Jouvet’ye (1992) göre soyaçekime bağlı olarak önceden programlanmış bireysel özellikler, ortamın etkisiyle değişebilir ve rüyanın genetik programımın güçlendirme ve bireyin özgünlüğünü sağlama gibi bir etkisi olabilir. Bununla birlikte Jouvet açısından bakıldığında “rüya” terimi belirsizdir çünkü REM uykusu esnasında hem beynin psikolojik durumunu hem de zihinsel içerikleri ifade eder. Oysa hipotezinde, genetik yeniden programlamada rol oynayan, rüyaların içerikleri değil, beynin özel bir biçimde etkin olmasıdır. Jouvet’nin özgün kişilik özelliklerinden sorumlu genlerin etkin olmadıklarını düşünmesini ve bu işlevi içgüdüsel tavırları belirleyen genlerin yerine getirdiklerini söylemesini anlamak zordur. Bütün psikoterapi uzmanları gerekli durumlarda kişilik özelliklerini yumuşatmanın zor olduğunu söyleyebilir çünkü bunlar son derece gelişmiş ve katıdır. Bu belirgin özellikler yoğunlukları pek fazla olmasa da ortamın etkilerine çok fazla duyarlı değillerdir. Sözgelimi öfkeli ya da çapkın biri yaşamı boyunca bu eğilimlerini koruyacaktır.

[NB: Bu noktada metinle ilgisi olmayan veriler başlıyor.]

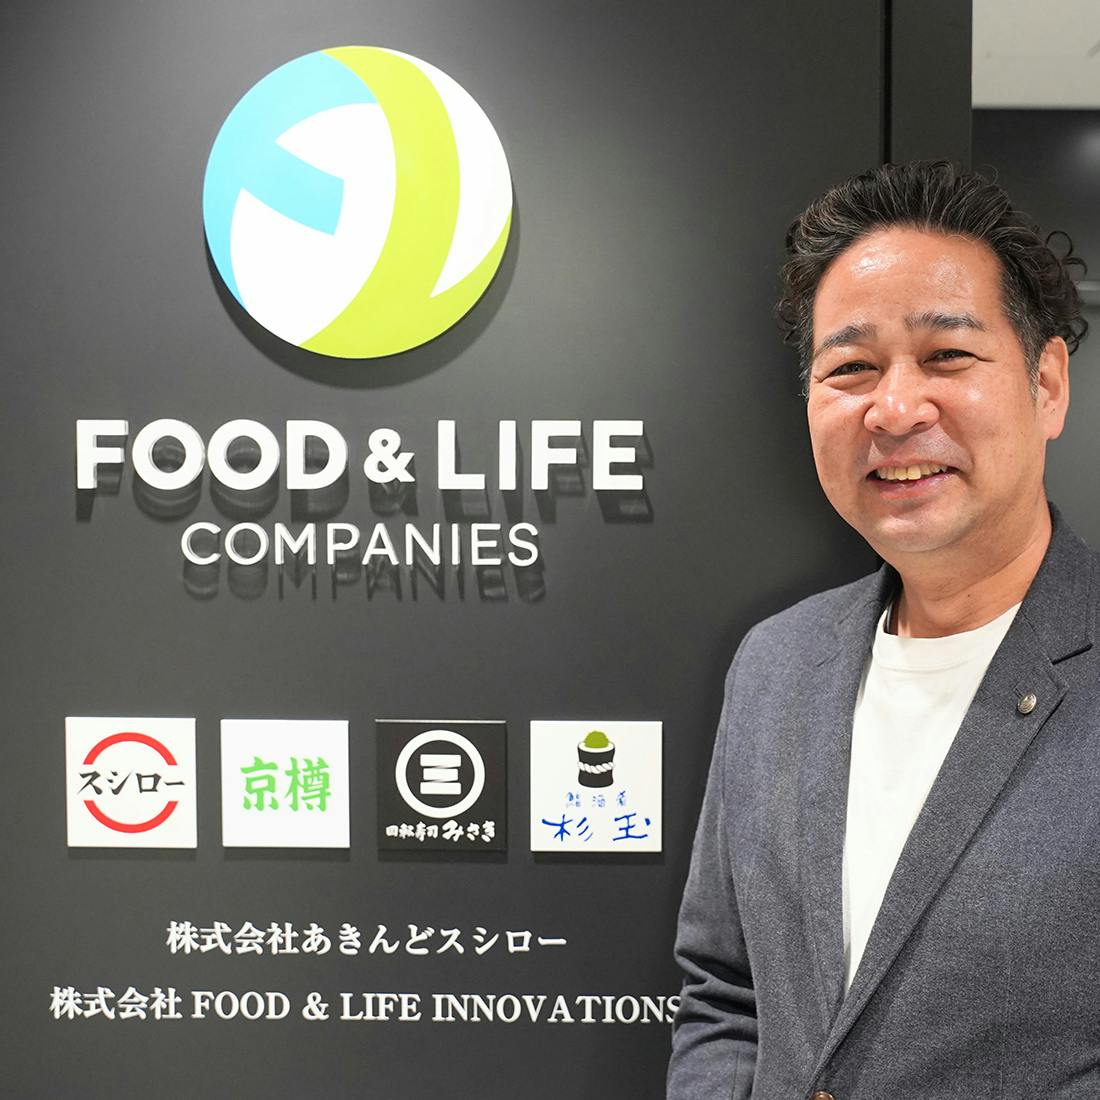 株式会社FOOD & LIFE INNOVATIONS
代表取締役社長 堀江陽

Rüyanın uyarlayıcı işlevi üstüne başka birçok teori vardır. Biz burada, yirmi birinci yüzyıl başında çok sık sözü edilen iki tanesini anıyoruz sadece. Öncelikle uykunun, olayların ve şeylerin belleğe yerleşmesine yardımcı olduğu düşüncesi uzun zaman önce ortaya çıkmıştır bu düşünce (Jenkins & Dallenbach, 1924)kapsamı genişletilerek rüyayı da içine almıştır. Paradoksal ya da non-REM uykusunun bellek üstündeki pozitif rolü belgelerle kanıtlanmıştır (Fogel ve ark., 2007; Smith ve ark., 2004; sonuçların bir özeti için bkz. Wamsley ve Stickgold, 2011). Birçok deney göstermiştir ki bir öğrenmeden sonraki uyku çeşitli alanlarda öğrenilmiş rollerin anısını korur; sözlü öğretim, duyusal motor rollerin öğrenilmesi (mevzuat belleğiyle ilgili) vb. Kemirgenlerle ilgili sayısız araştırma uyanıkken gerçekleştirilen yeni bir deneyimin, daha sonraki uyku safhasında beyinsel düzeyde tekrarlandığını göstermiştir dolayısıyla öğrenme ya da araştırma sırasında harekete geçirilen beyinsel konfigürasyonlar uyku esnasında yeniden harekete geçirilmişlerdir. Bunlar daha hızlı ve daha kısadır ve bazı durumlarda sözgelimi iki rolün öğrenilmesi çakışabilirler. Bu yeniden harekete geç(iril) me durumu yavaş uykuda, özellikle uykuya dalmadan kısa süre sonra gerçekleşir.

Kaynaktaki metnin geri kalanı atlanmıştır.